• _What needs to be done_: Print out the data exactly, keeping every image out of it.

• _Raw data_:
*** Begin section ***
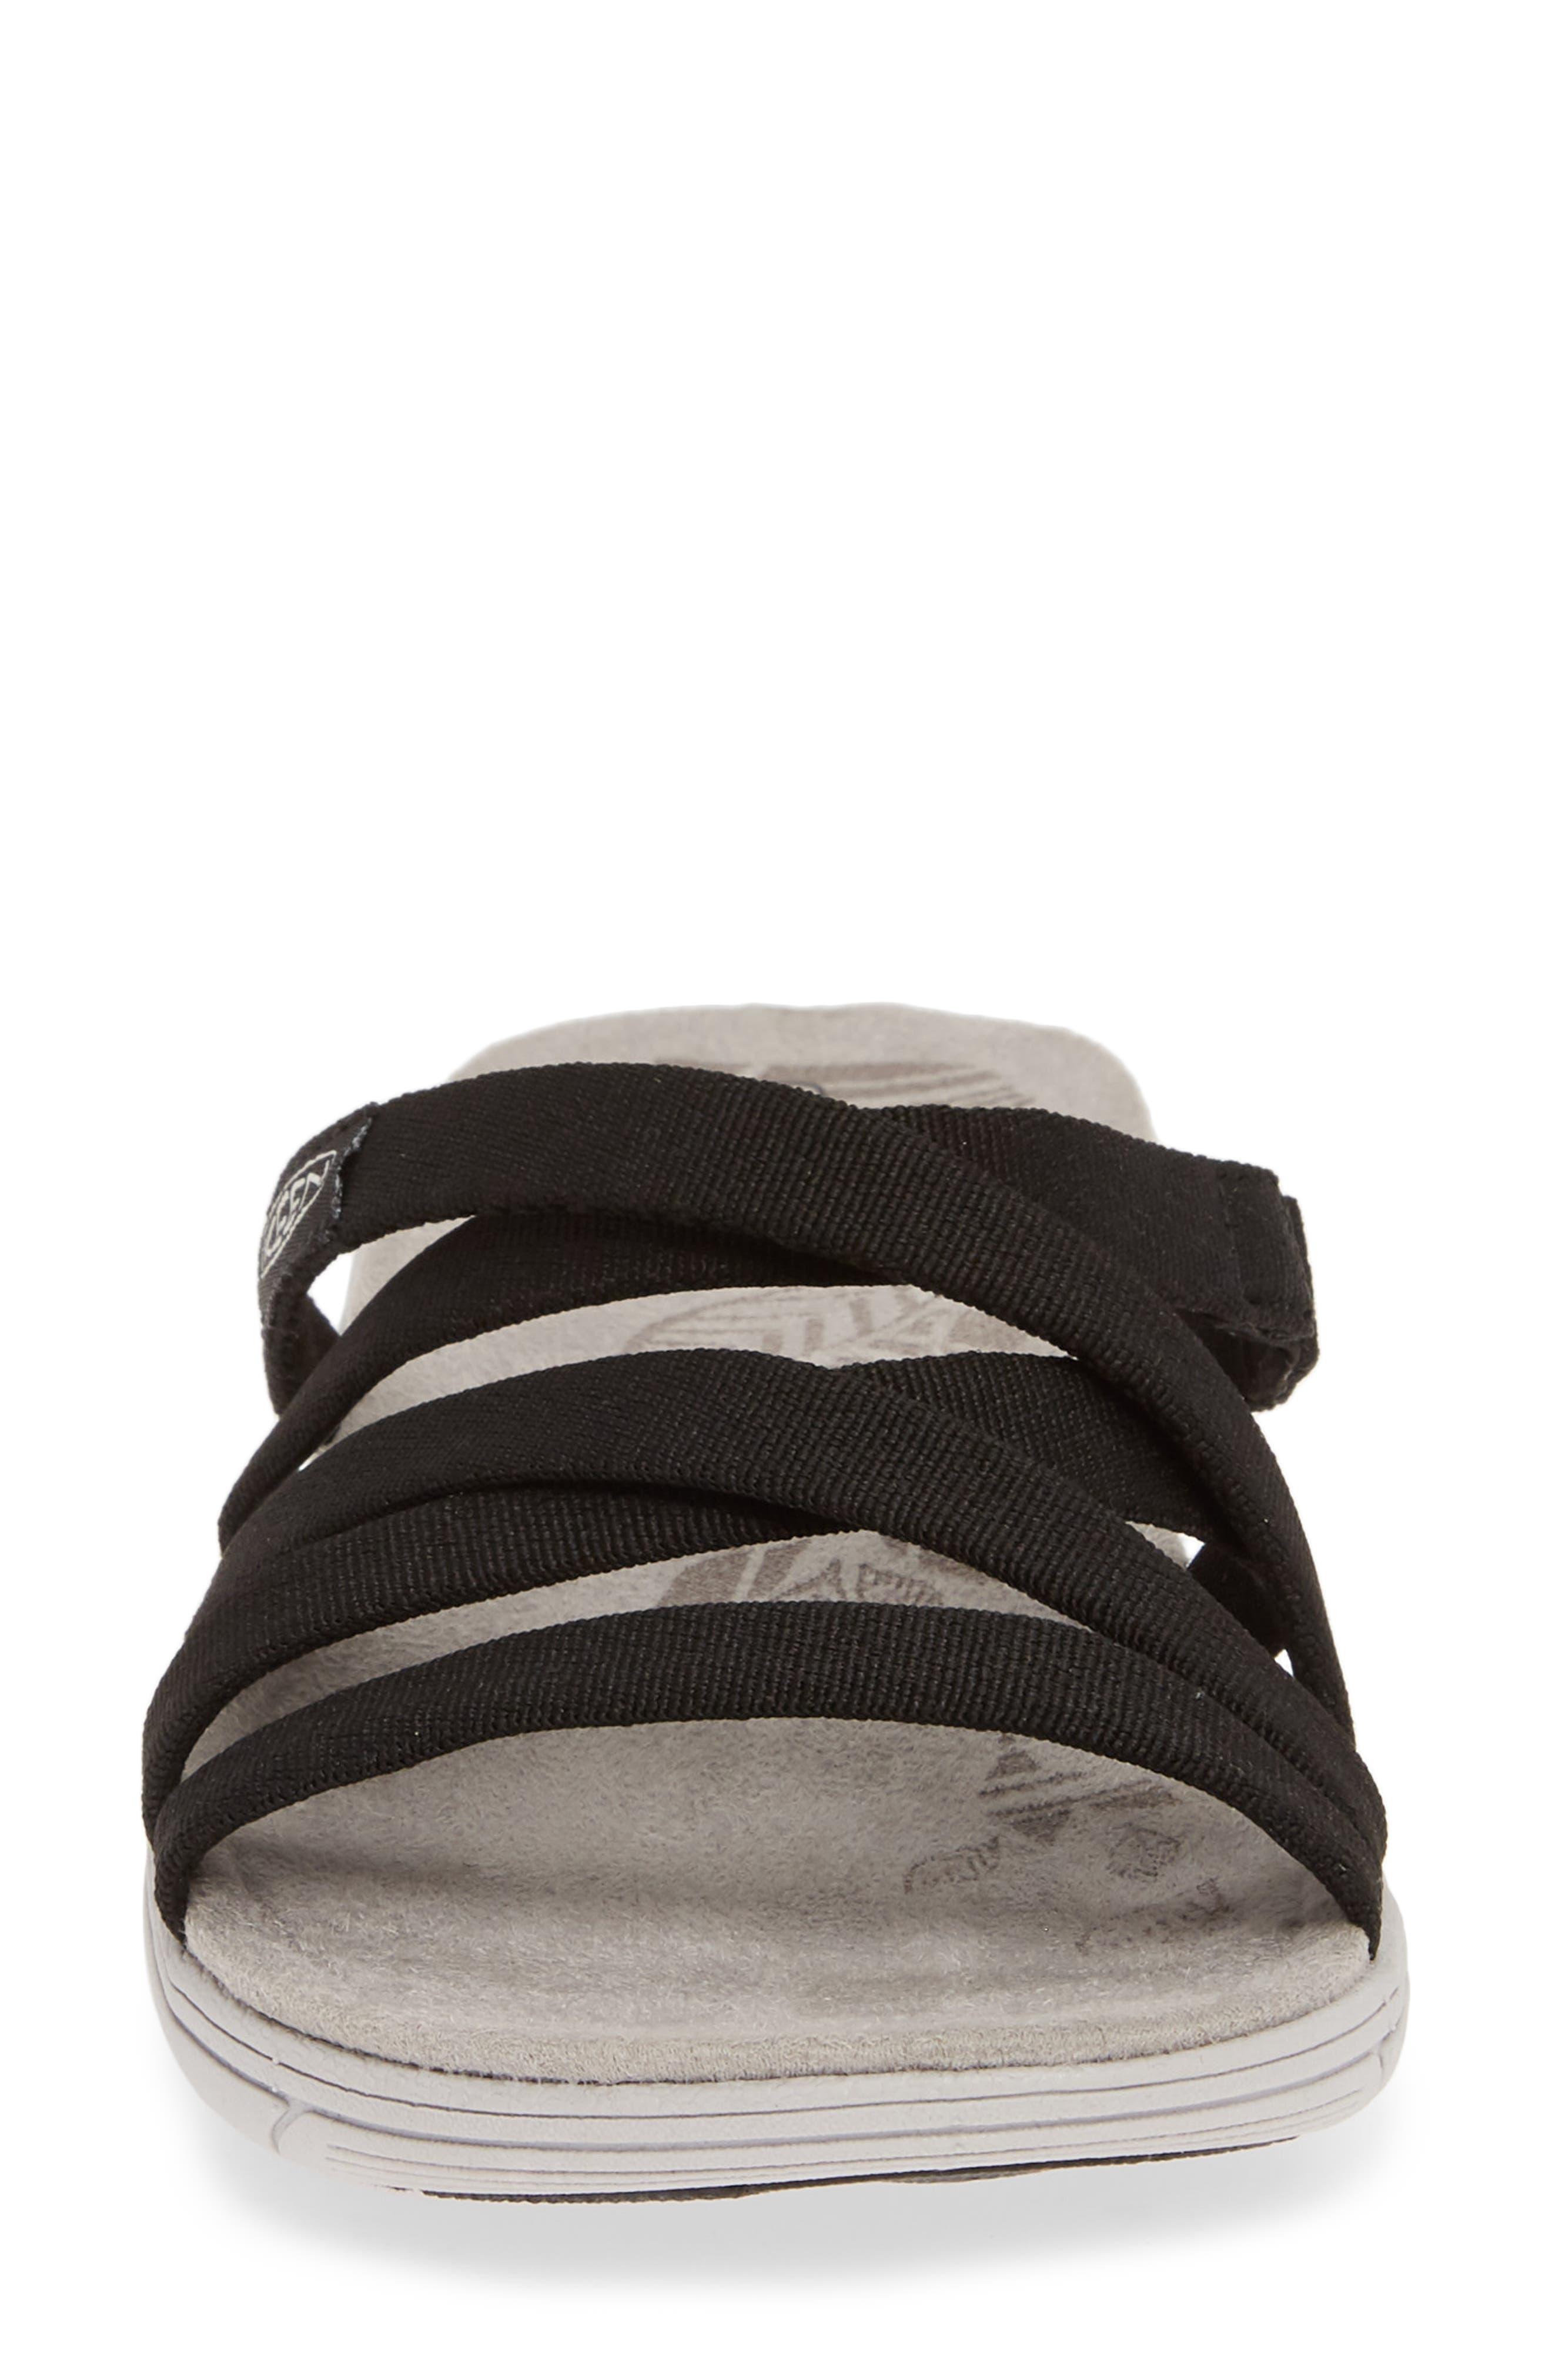 KEEN, Damaya Slide Sandal, Alternate thumbnail 4, color, BLACK/ VAPOR BLUE FABRIC
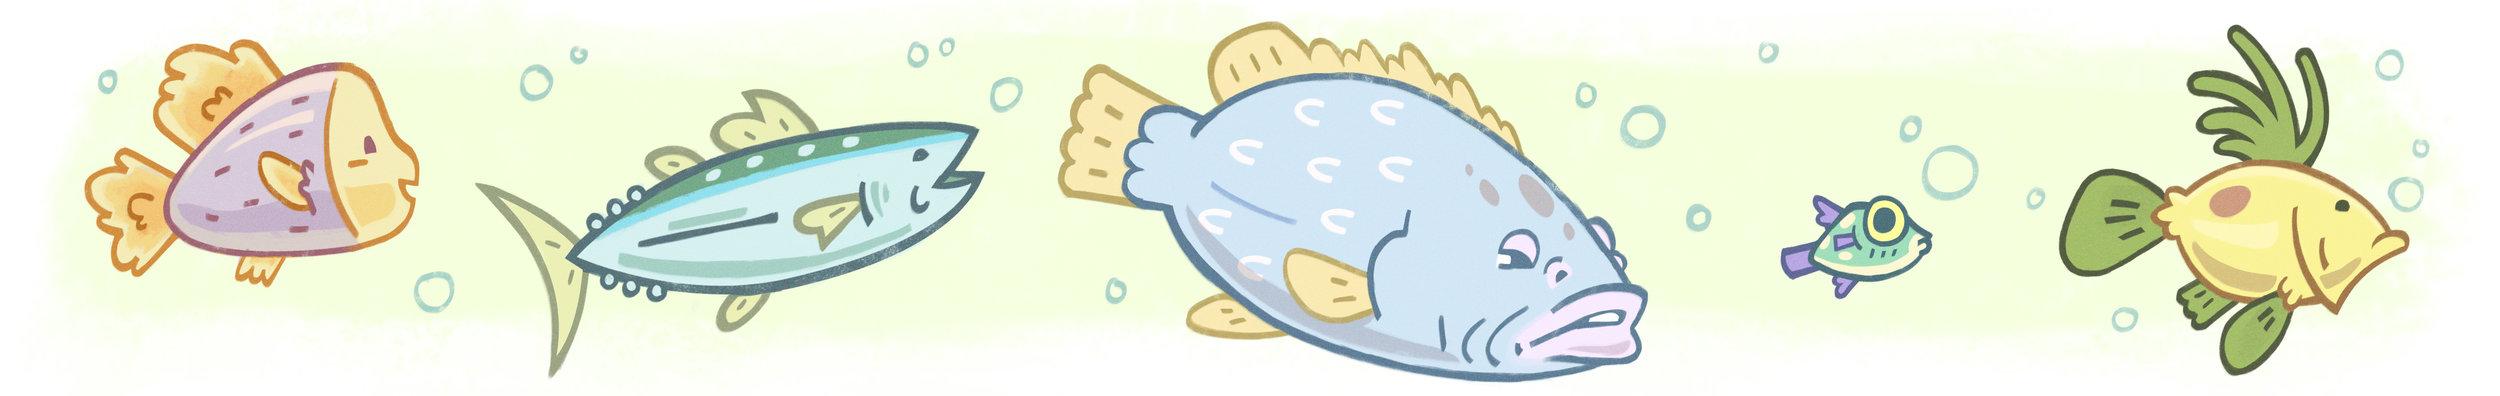 fish banner.jpg
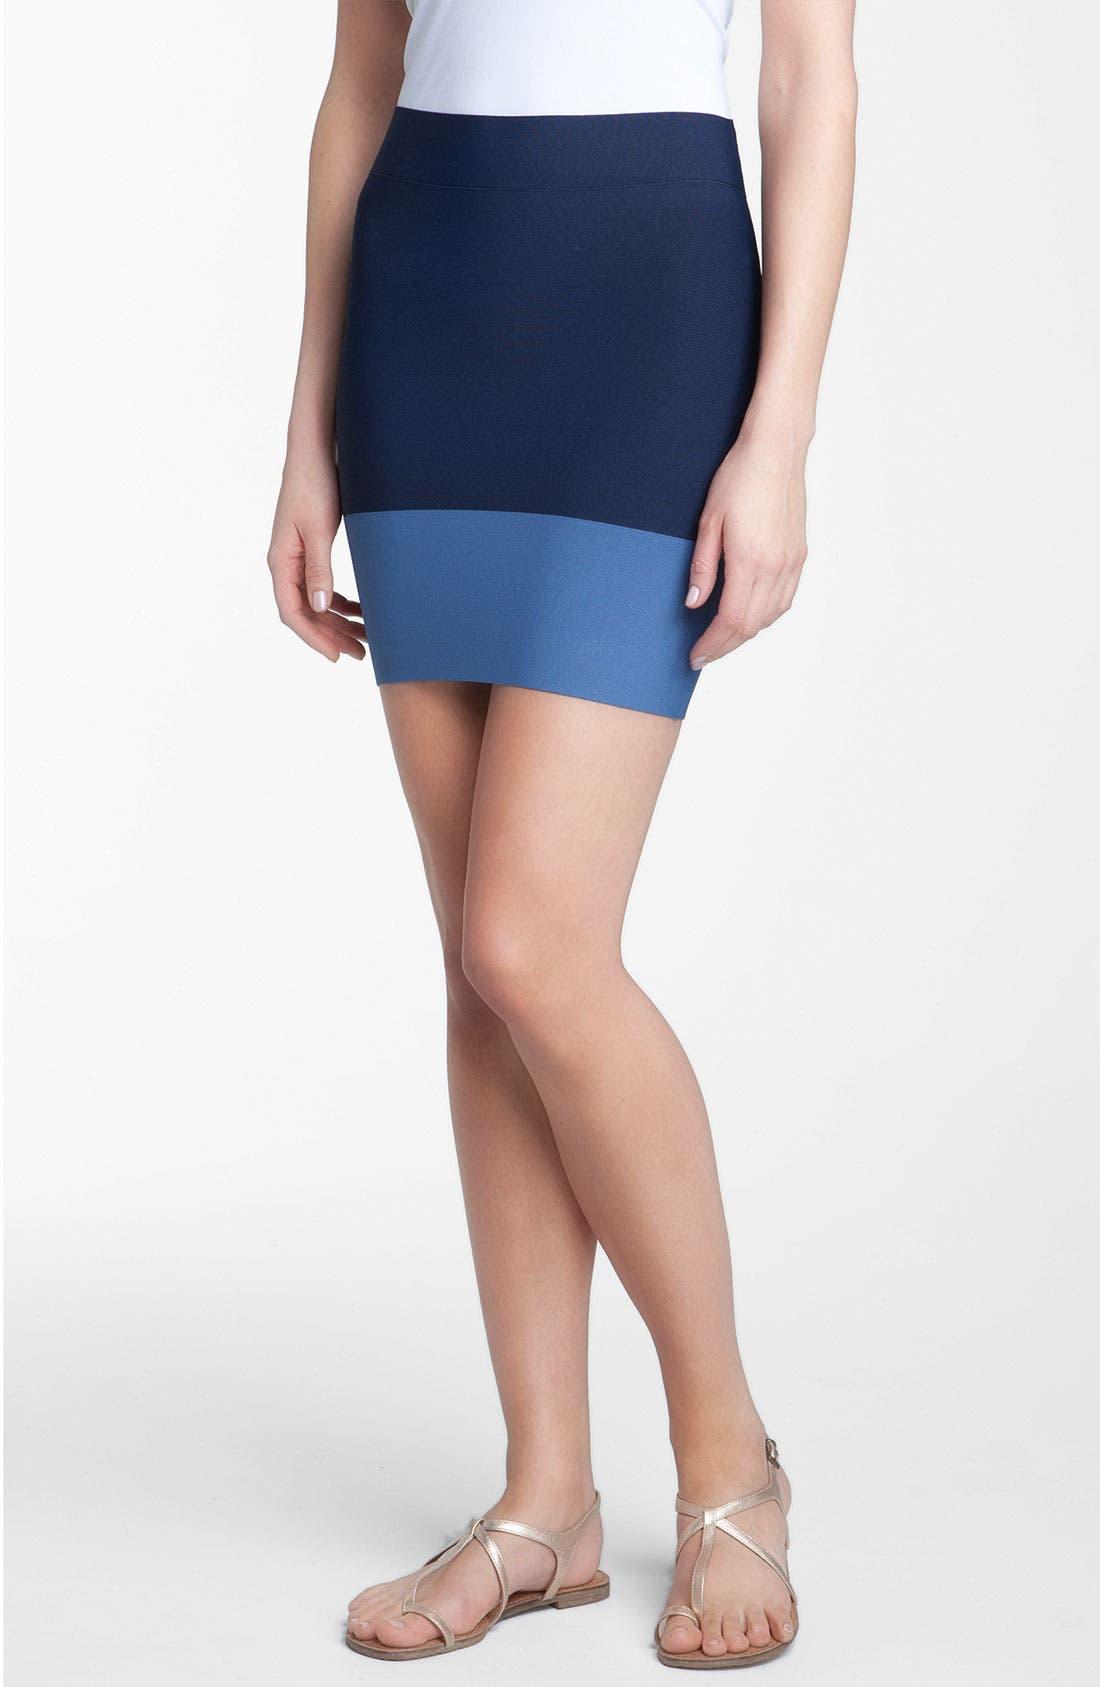 Main Image - BCBGMAXAZRIA Colorblock Bandage Skirt
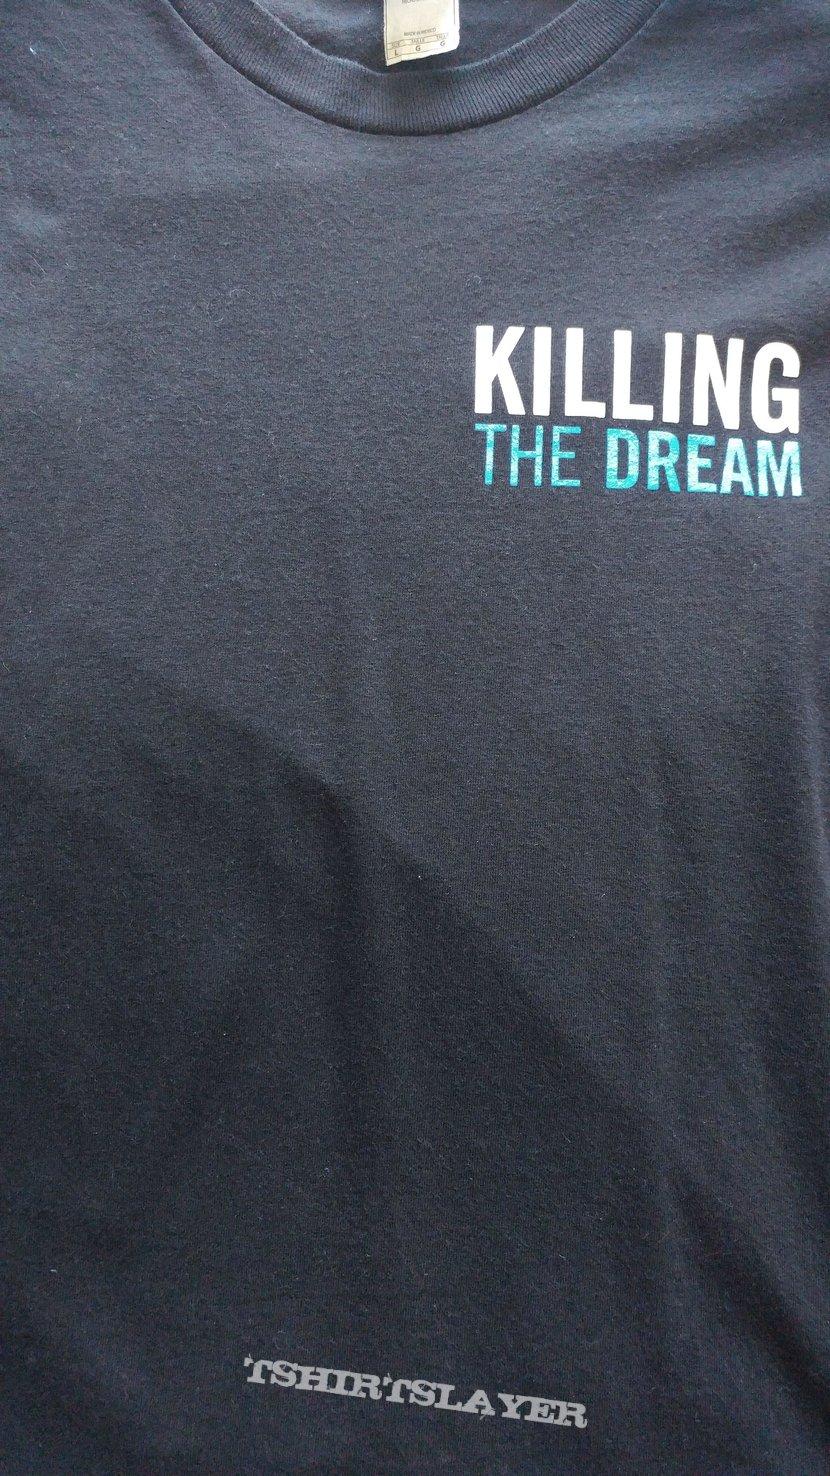 Killing the Dream Fractures overcast shirt
*** End section ***
• _Answer area_:
 KEEN, Damaya Slide Sandal, Alternate thumbnail 4, color, BLACK/ VAPOR BLUE FABRIC
 fish banner.jpg
 Main Image - BCBGMAXAZRIA Colorblock Bandage Skirt
 Killing the Dream Fractures overcast shirt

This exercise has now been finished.